Et puis… et puis le merveilleux système a volé en éclat, en partie au moins parce que François Hollande a non seulement tué un PS sur les cendres duquel Macron a pu prospérer, mais aussi parce que son immobilisme a valorisé l’activisme du jeune premier auprès d’un centre qui trouvait Fillon trop à droite et faisait naturellement confiance à l’ancien banquier.
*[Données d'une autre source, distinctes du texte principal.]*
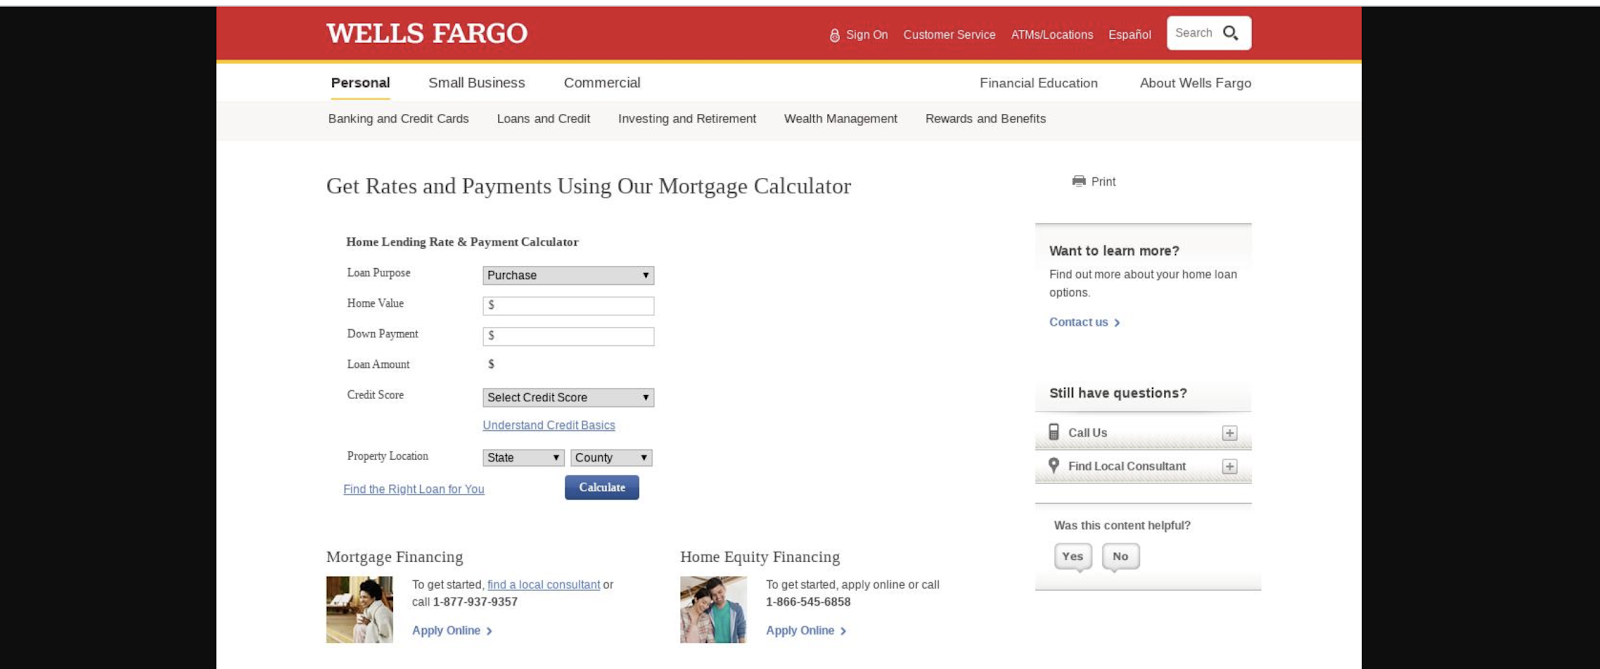 Wells Fargo landing page with a useful calculator widget.

Dès lors, la question se pose : faut-il, pour lutter contre cette OPA et revenir un jour aux affaires – si l’on ose écrire -, récupérer les électeurs de droite partis au FN, ou ceux du centre partis chez LaREM ? De la réponse à cette question découle des choix de personnes et de programmes. Mais encore faut-il fidéliser son propre électorat… et se poser la question de savoir ce qu’il est. Or dans le pâté d’alouette UMP, les proportions du cheval RPR et de l’alouette UDF étaient inversement proportionnées à la base et au sommet… ce qui ne rend pas cette tâche de clarification facile.

Des oppositions idéologiques à celles des personnes, quelles sont celles qui menacent le plus les LR ? Au regard des tensions actuelles, quels sont les différents scénarios possibles pour le parti ?

On aimerait penser qu’en politique les oppositions de personnes sont secondaires par rapport aux oppositions idéologiques, mais on a tellement vu de haines recuites contribuer à faire le jeu de l’adversaire qu’il est permis de se demander si, dans la réalité, ce n’est pas l’inverse. Puisque les contradictions sont maintenant évidentes, pourquoi rester ensemble ? Mais tout simplement, comme chez certains couples, pour conserver la maison. Divorcer, pour LR, c’est perdre un parti dont on pense qu’il est toujours une arme efficace, diviser des élus, fragiliser un électorat. Il est peut-être plus rentable de faire durer une illusion qui rapporte des sièges et des subventions plutôt que de tenter une aventure séparée. Mais ne manque à la scène que le Chat de Gabin et Signoret.
Pour autant, au regard de cet intérêt qu’aurait la structure partisane elle-même, il est permis de se demander si LR – et plus largement la droite - va échapper au bouleversement qu’a connu la gauche : le rejet des politiciens démonétisés, des structures dépassées, au profit du « mouvement ». Peut-on alors faire soi-même sa révolution pour éviter d’être emportée par elle ? Encore faudrait-il travailler alors sur ce changement, en termes de structures, de programme et de têtes, et les guerres intestines n’en laissent pas l’occasion.
Ce qui est certain en tout cas, c’est que la clarification idéologique va se faire naturellement à LR. D’abord, sur la position à adopter face à l’Union européenne, pour les élections de 2019. Ensuite, sur la question des alliances locales – avec LaREM et/ou avec le FN et d’autres – pendant et après les élections de 2020. Soit ce sera le respect de la doxa médiatique (« L’Europe c’est la paix » en 2019 et « Mieux vaut perdre les élections que son âme » en 2020), et l’on pourra peut-être encore cacher la poussière sous le tapis, soit il y aura des choix plus tranchés de la part de la direction actuelle, mais cela renforcera alors le conflit ouvert , avec une dynamique dont on ne peut présager l’issue.